(Beginning of Information shown)
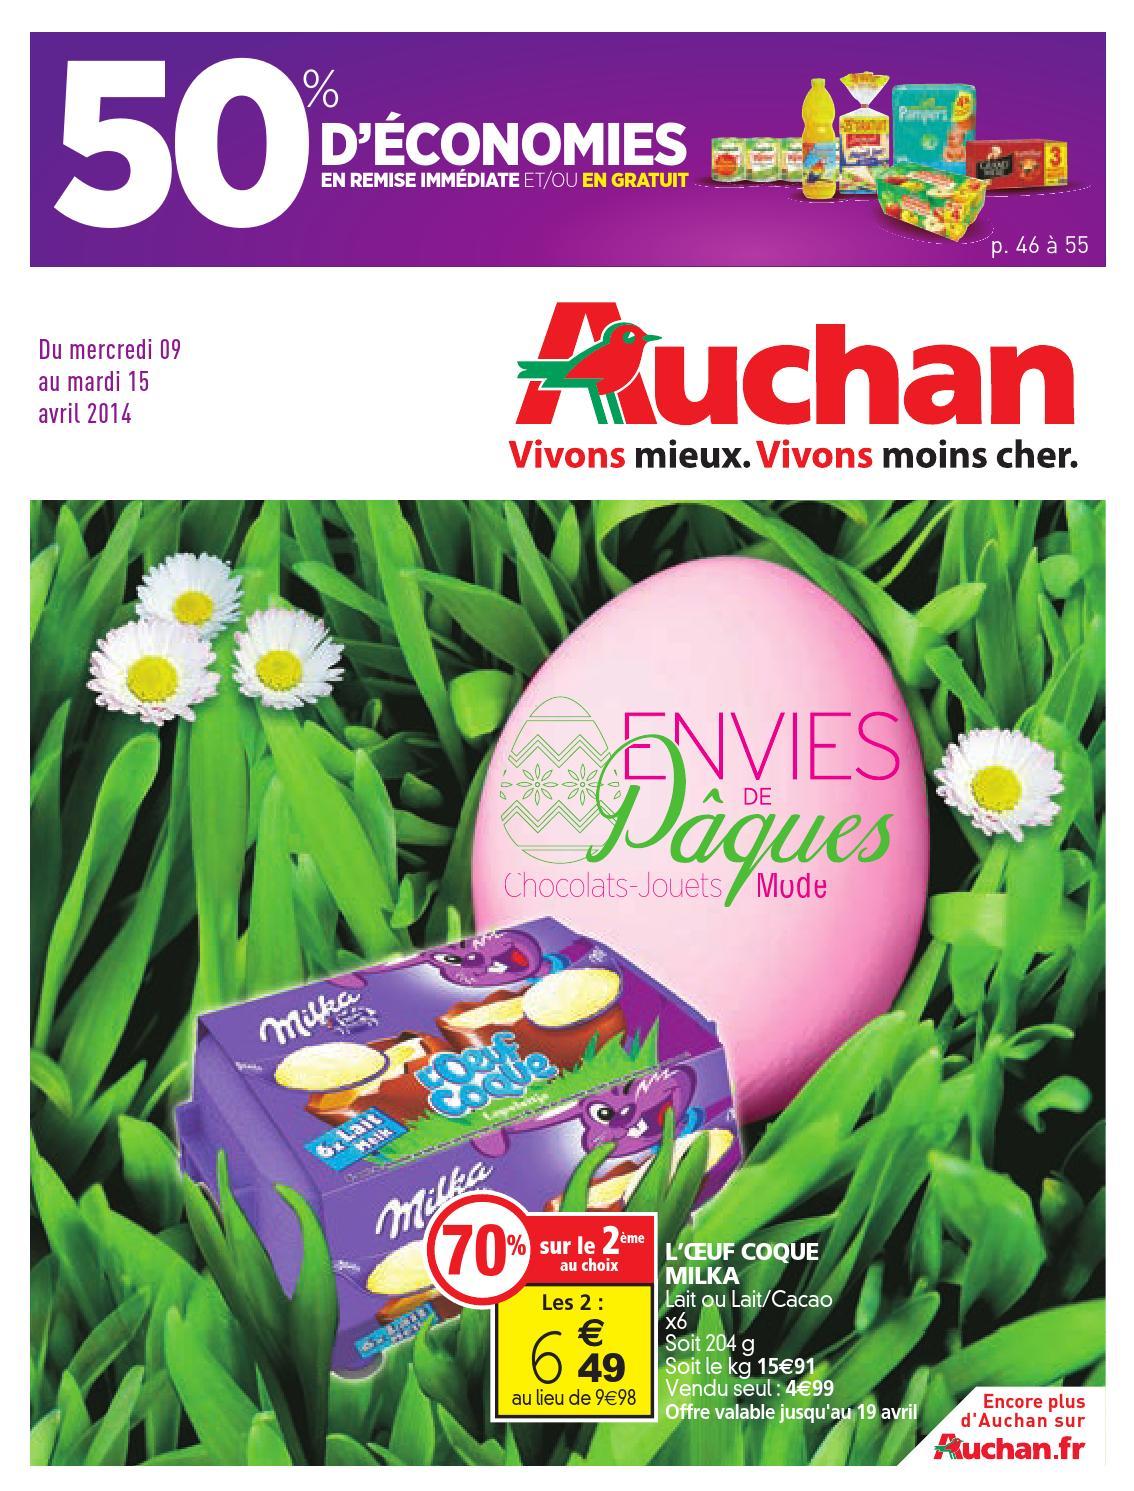 Au Catalogue Avril Issuu 15 Anti By 9 Du Auchan vmNO08nw
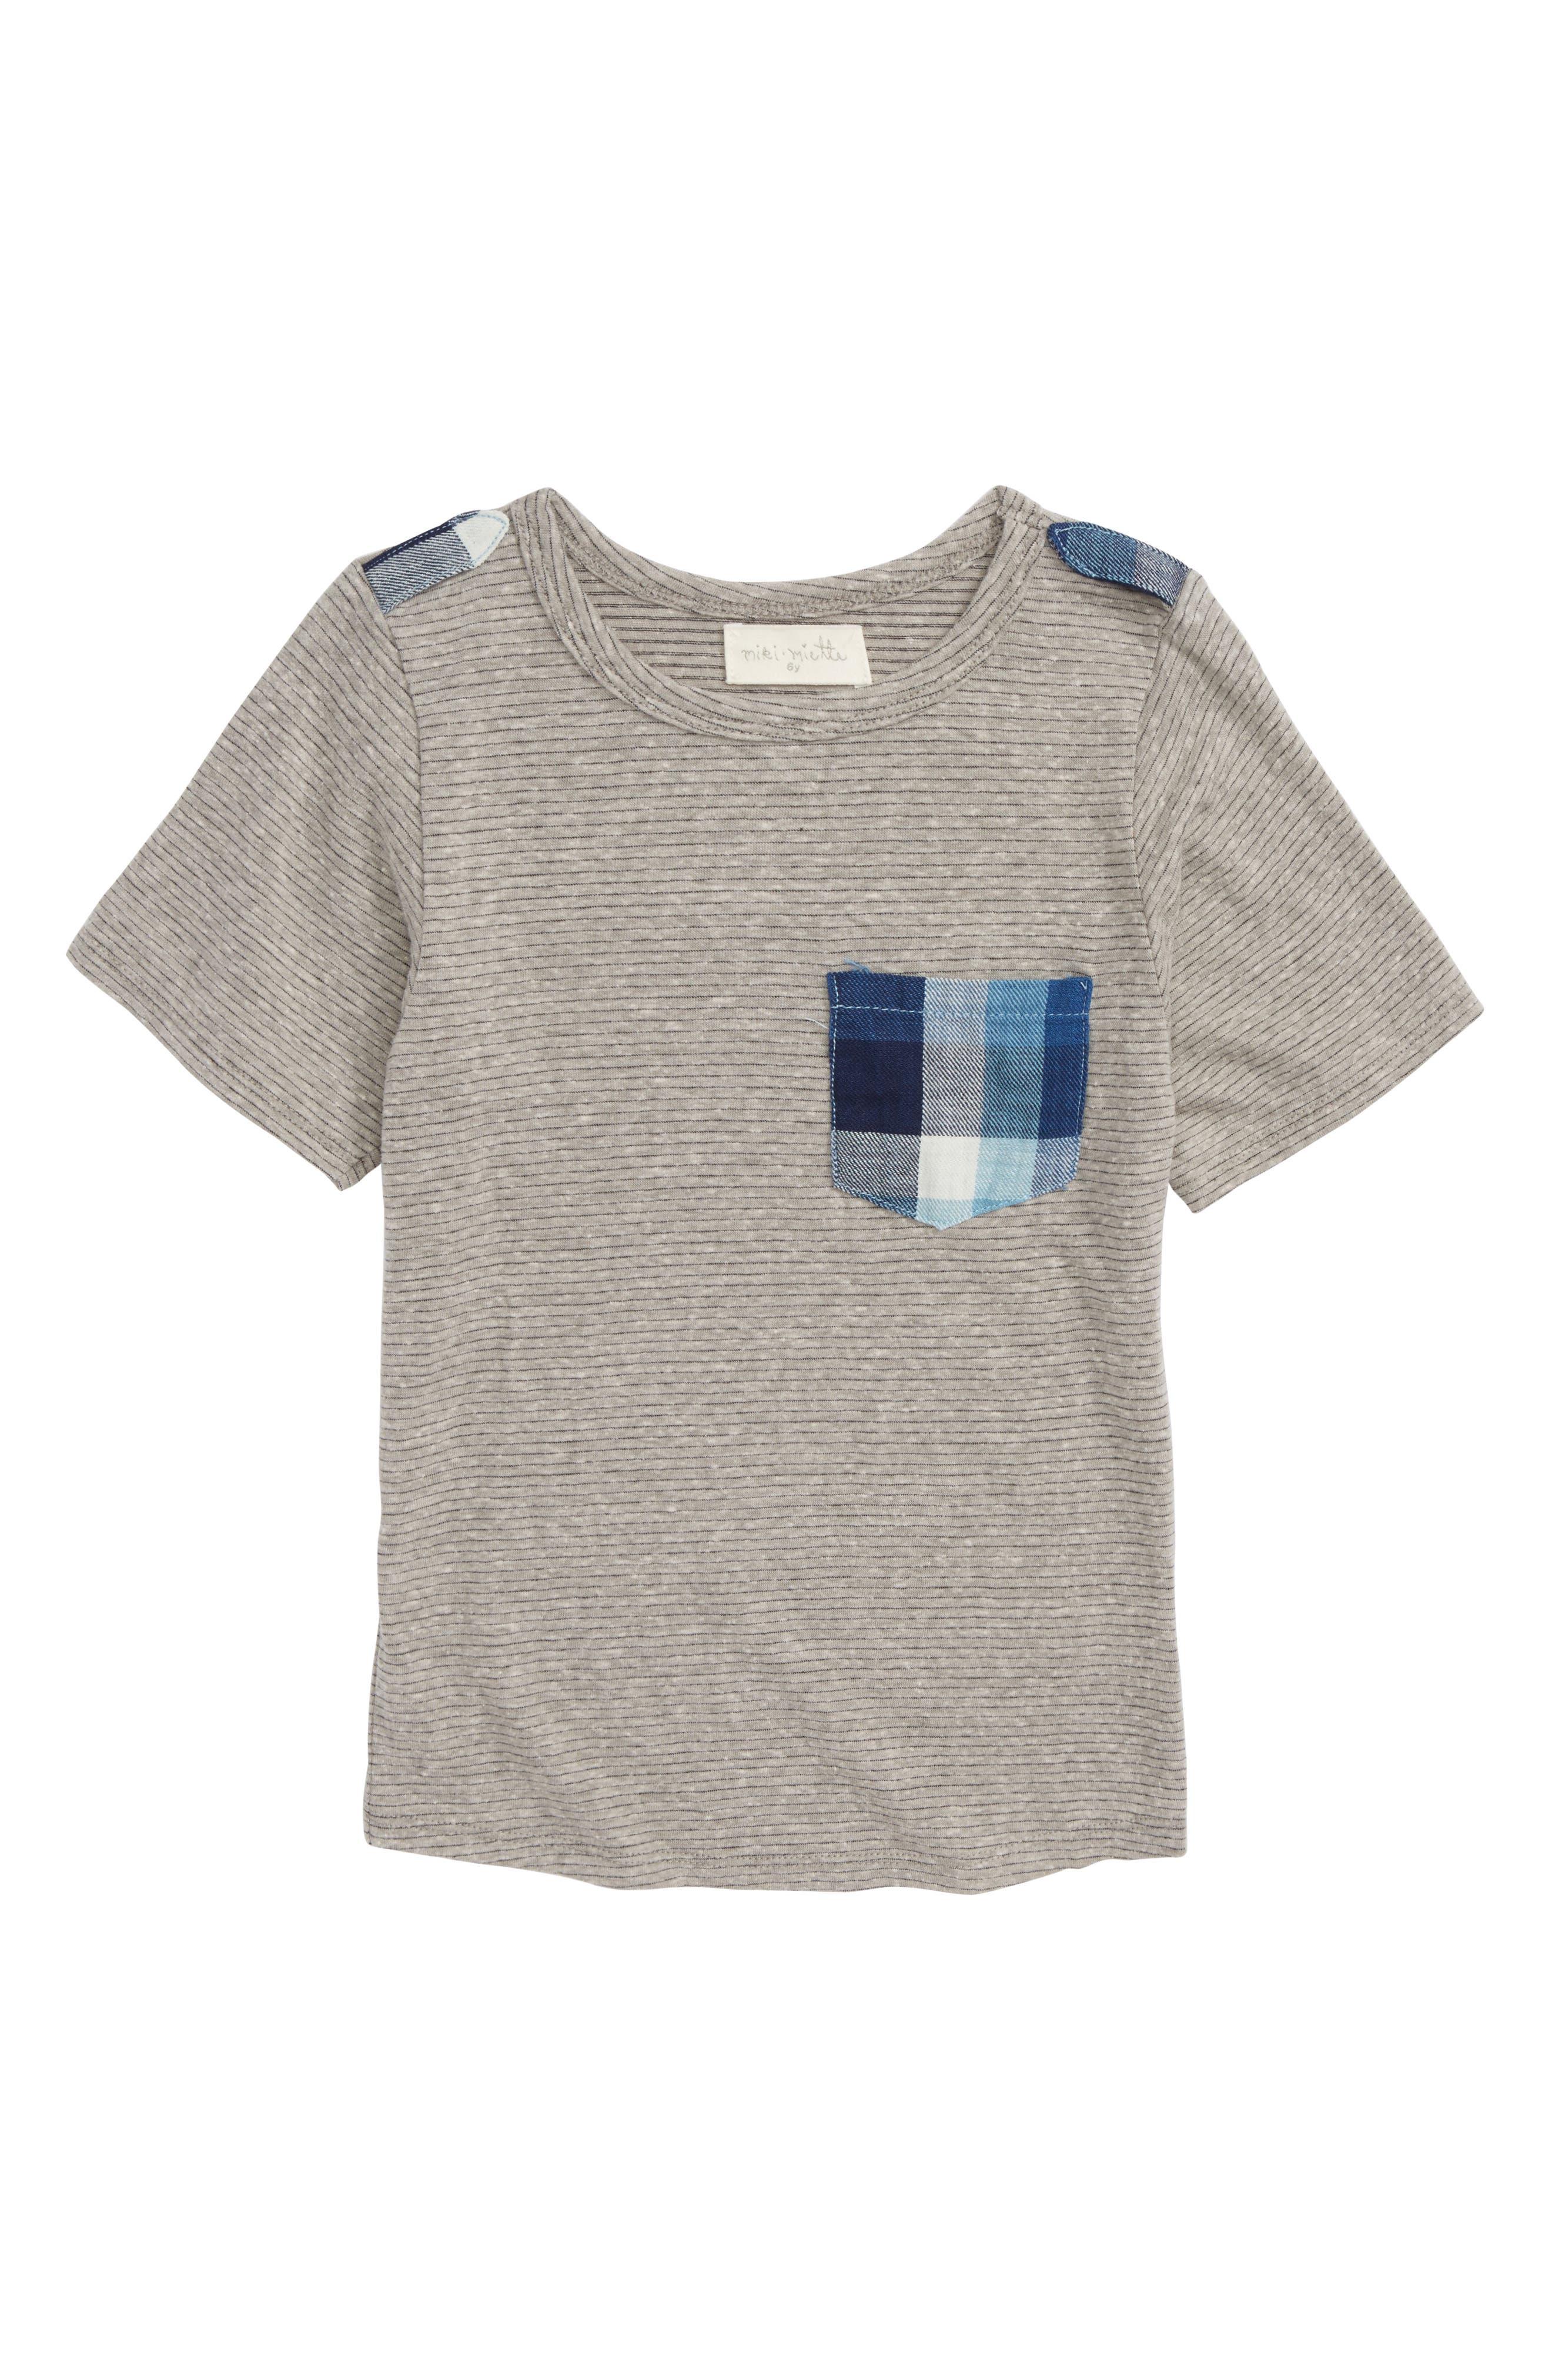 Ranger Pocket T-Shirt,                             Main thumbnail 1, color,                             La Jolla
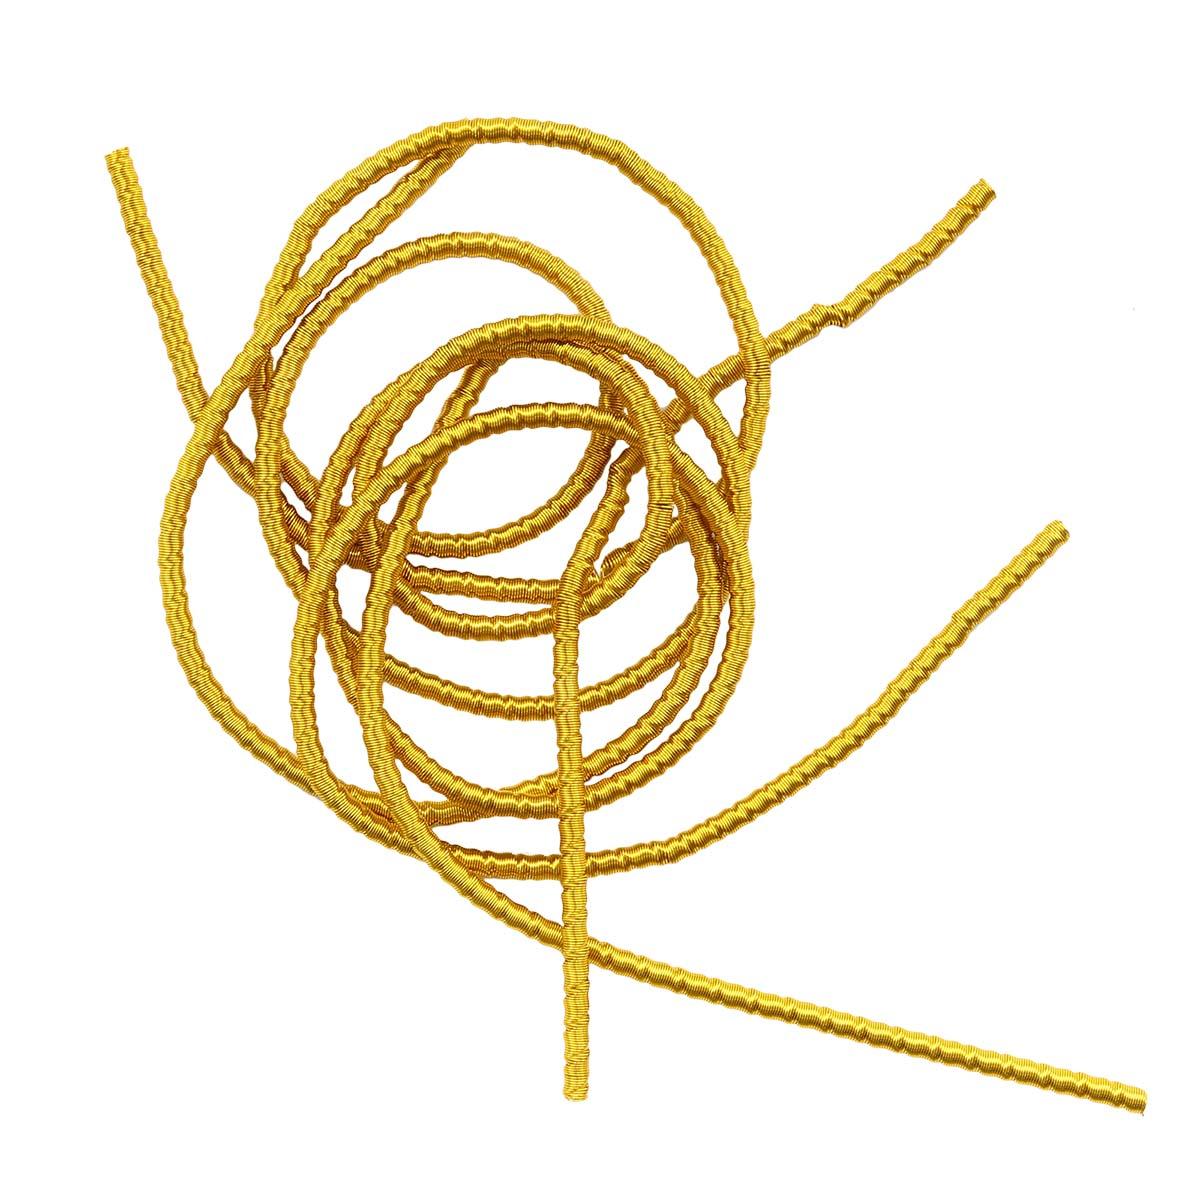 ТБ006НН2 Трунцал бамбук Желтый 2 мм 5 гр. +/- 0,1 гр.
(End of Information shown)
Print the material again word for word. Please drop every picture.

 Au Catalogue Avril Issuu 15 Anti By 9 Du Auchan vmNO08nw
 Ranger Pocket T-Shirt,                             Main thumbnail 1, color,                             La Jolla
 ТБ006НН2 Трунцал бамбук Желтый 2 мм 5 гр. +/- 0,1 гр.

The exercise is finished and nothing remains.